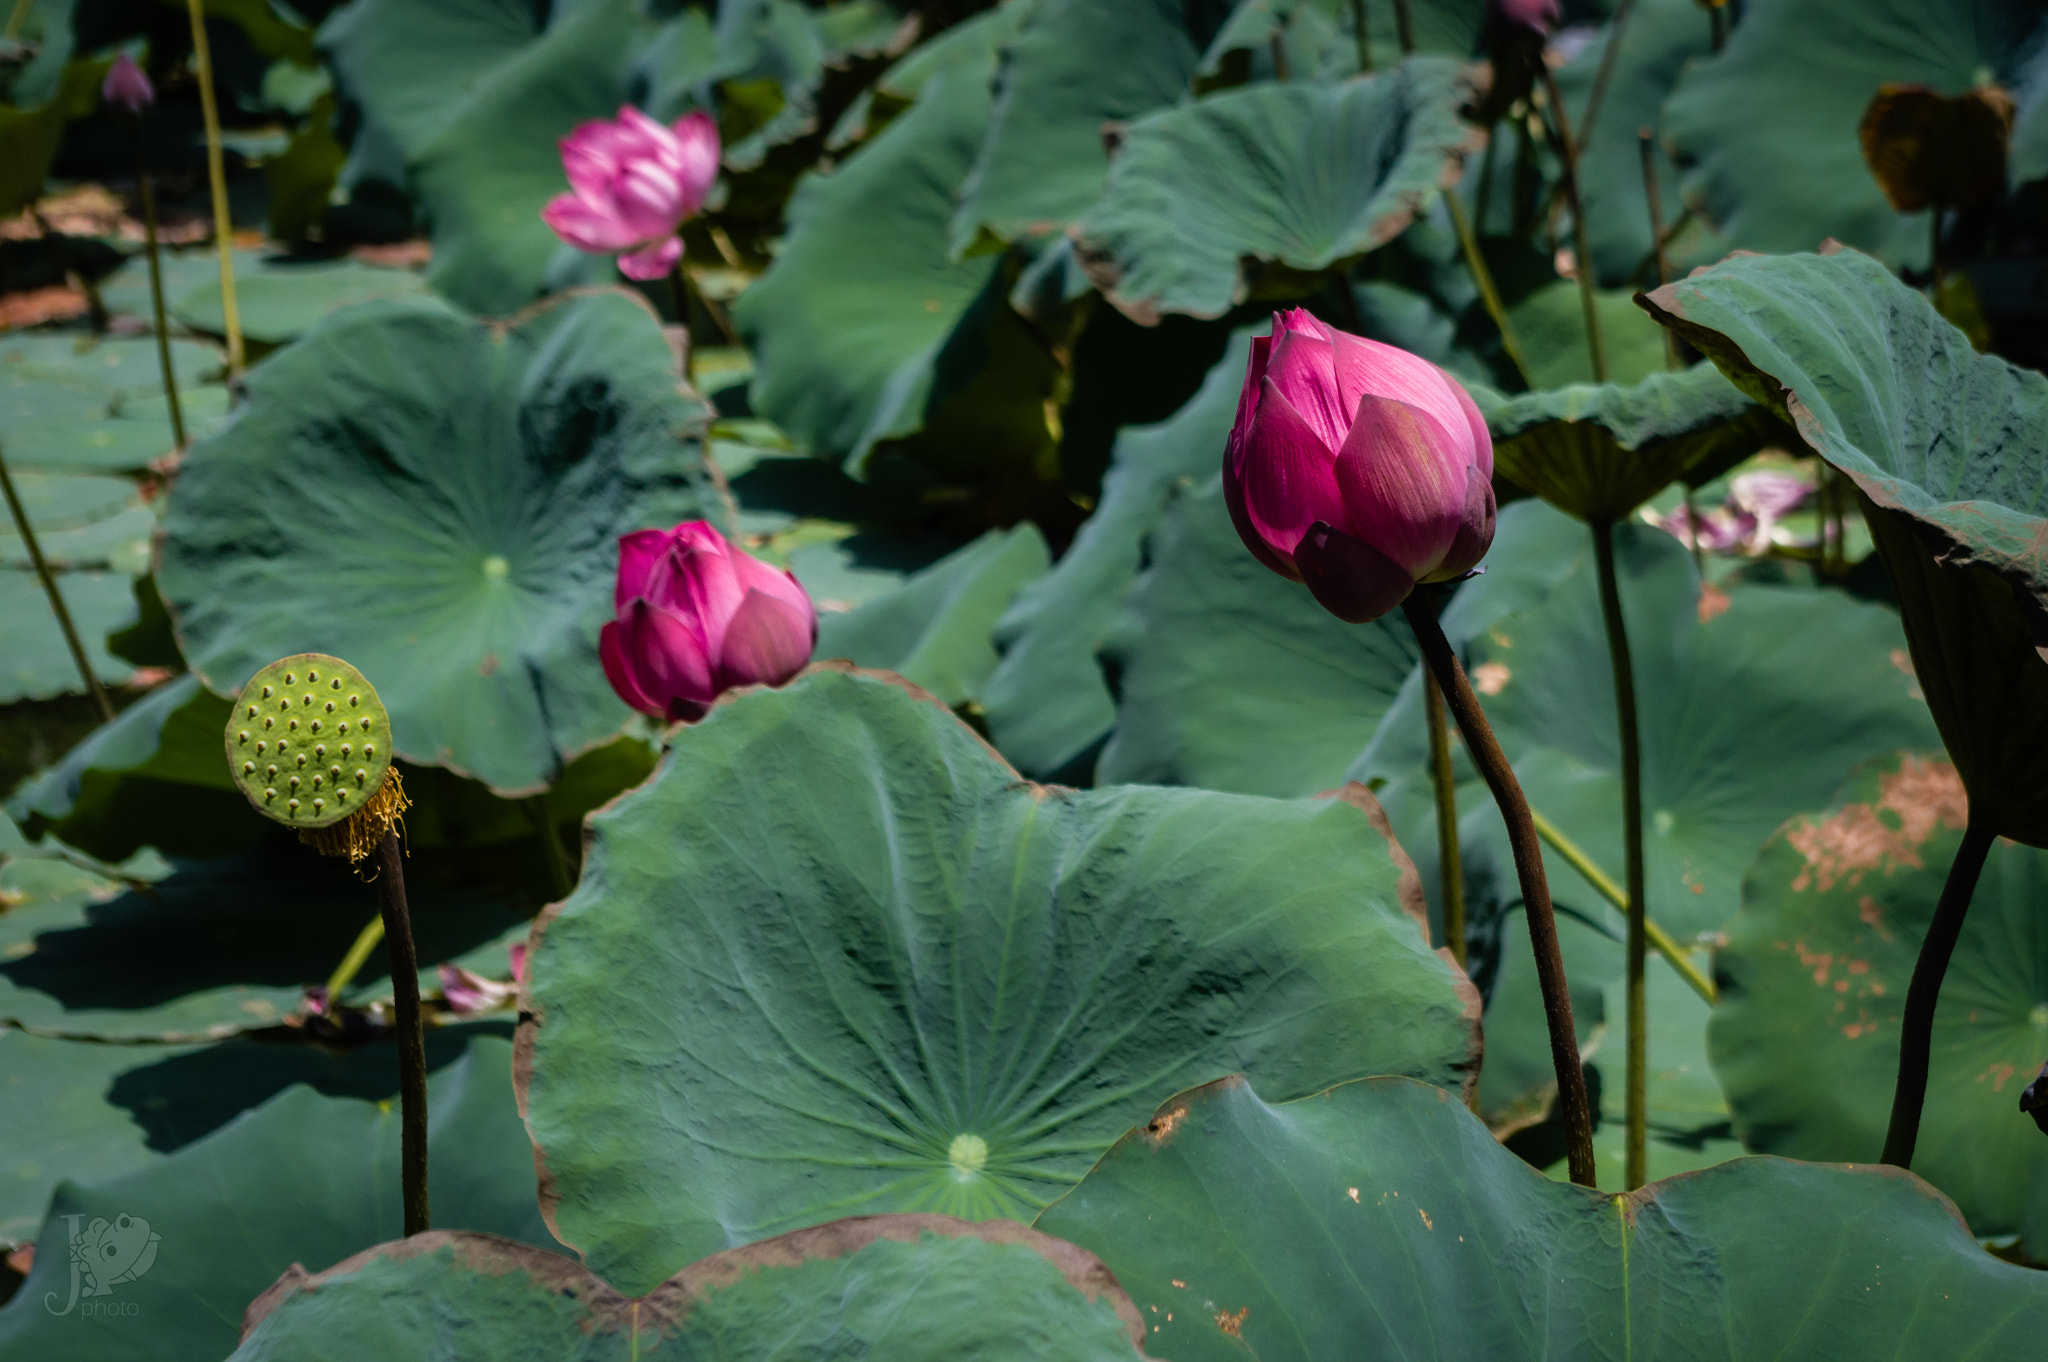 Pentax K-3 sample photo. Fleurs de lotus dans la douve de la cité impériale de hué photography
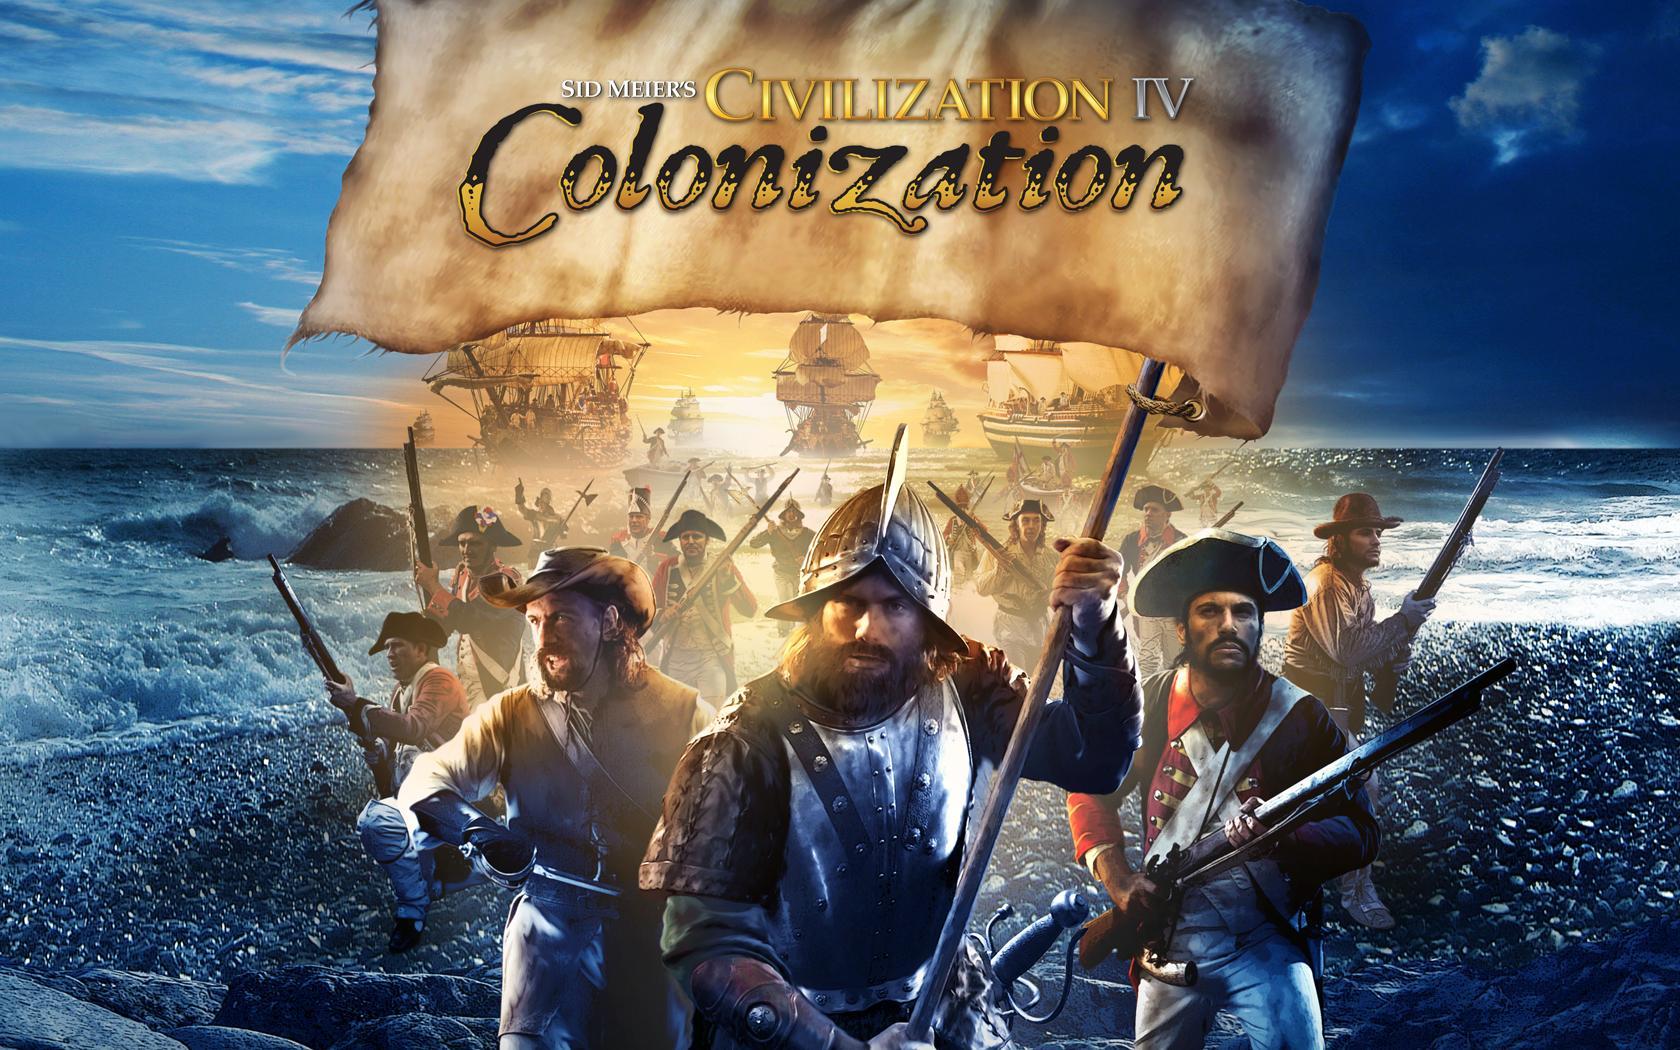 Picture Sid Meier’s Civilization IV Colonization Games
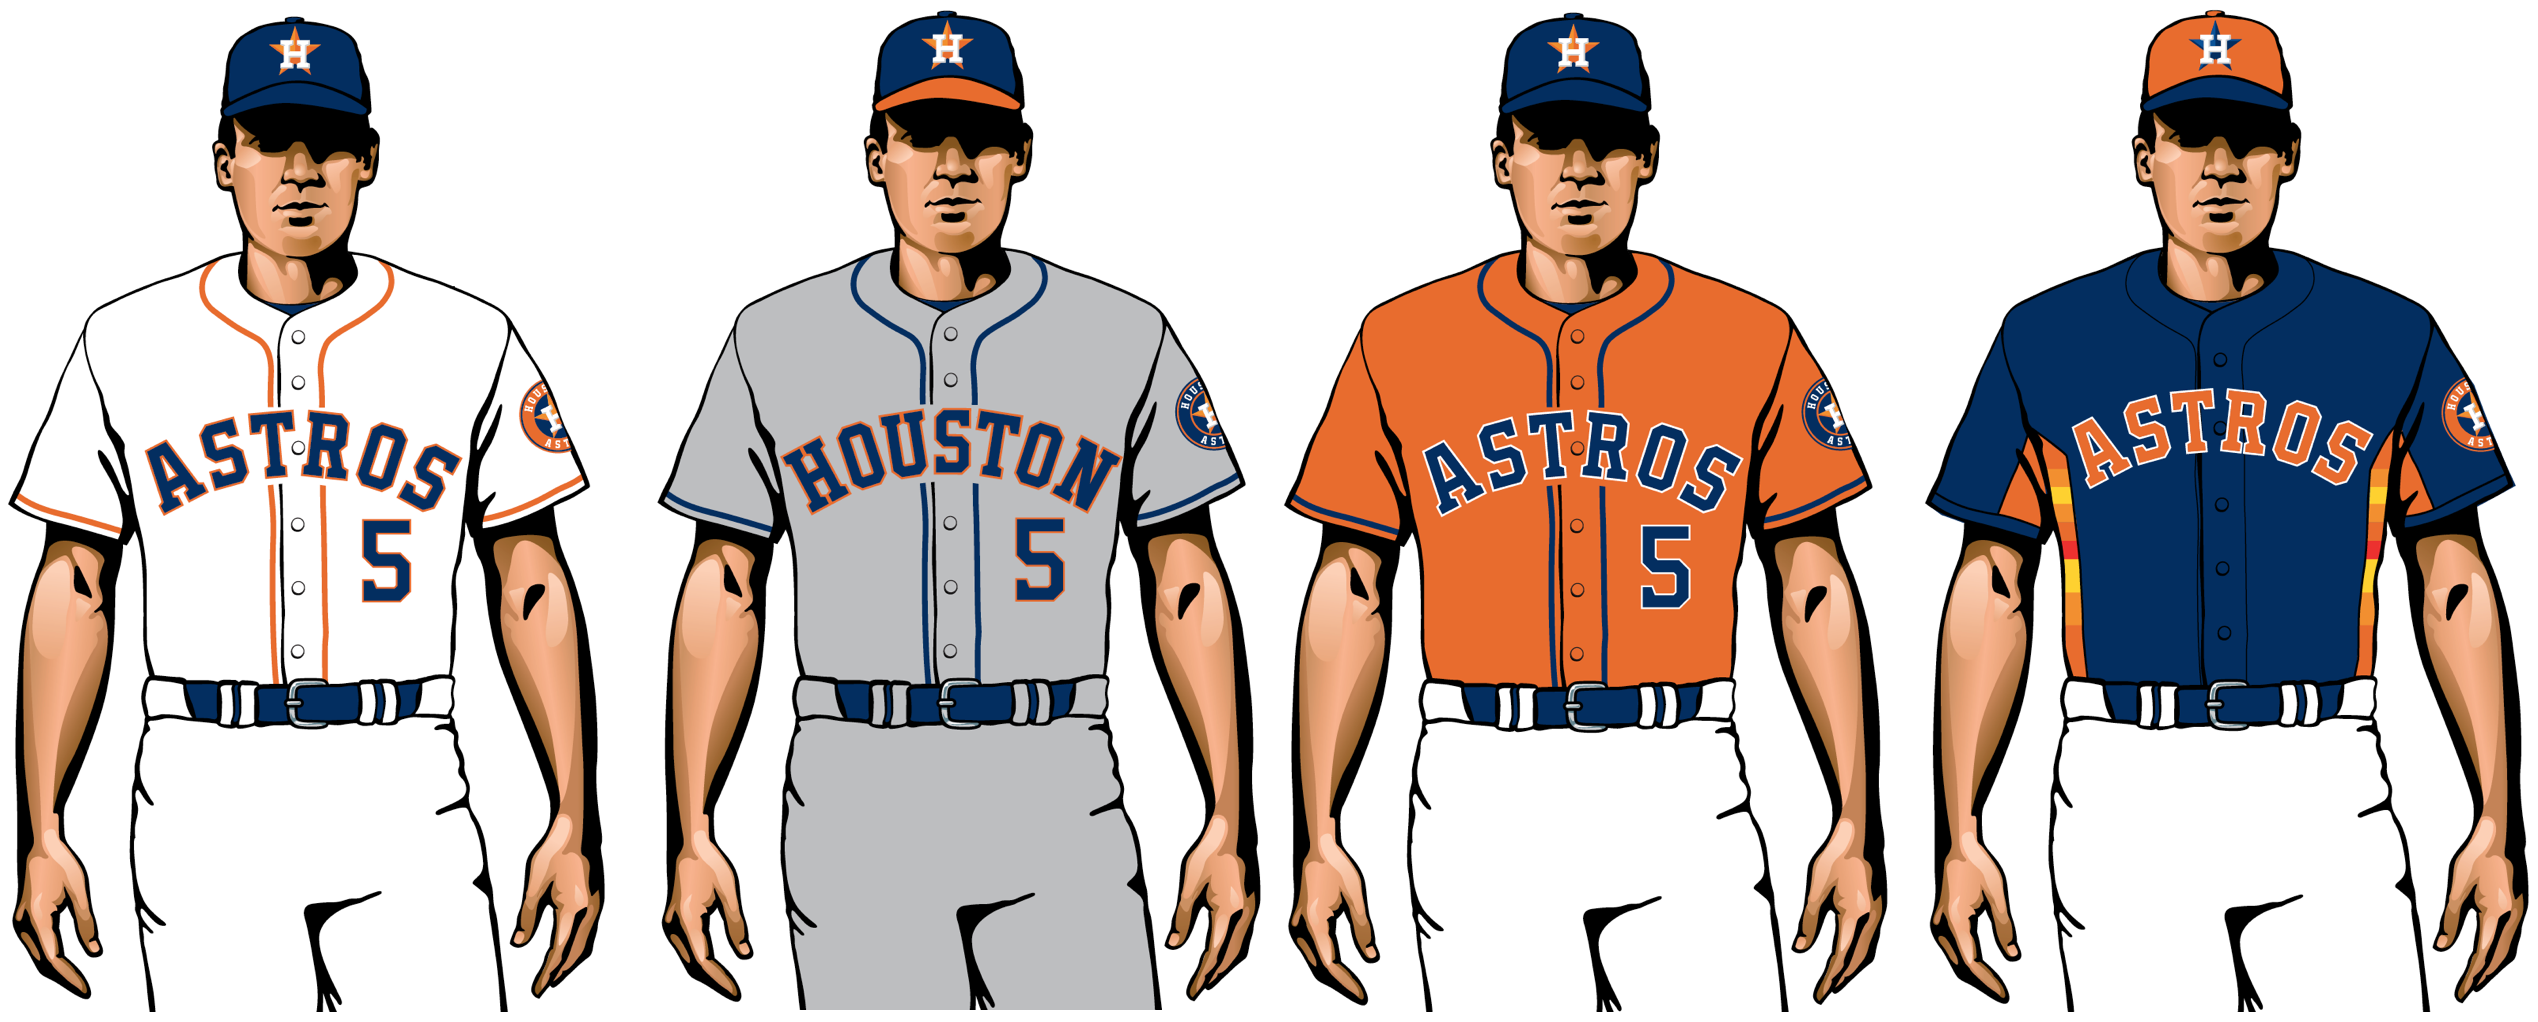 astros uniforms 2020
----
The listing above, line by line: print it exactly, but not its pictures.

 Pentax K-3 sample photo. Fleurs de lotus dans la douve de la cité impériale de hué photography
 Picture Sid Meier’s Civilization IV Colonization Games
 astros uniforms 2020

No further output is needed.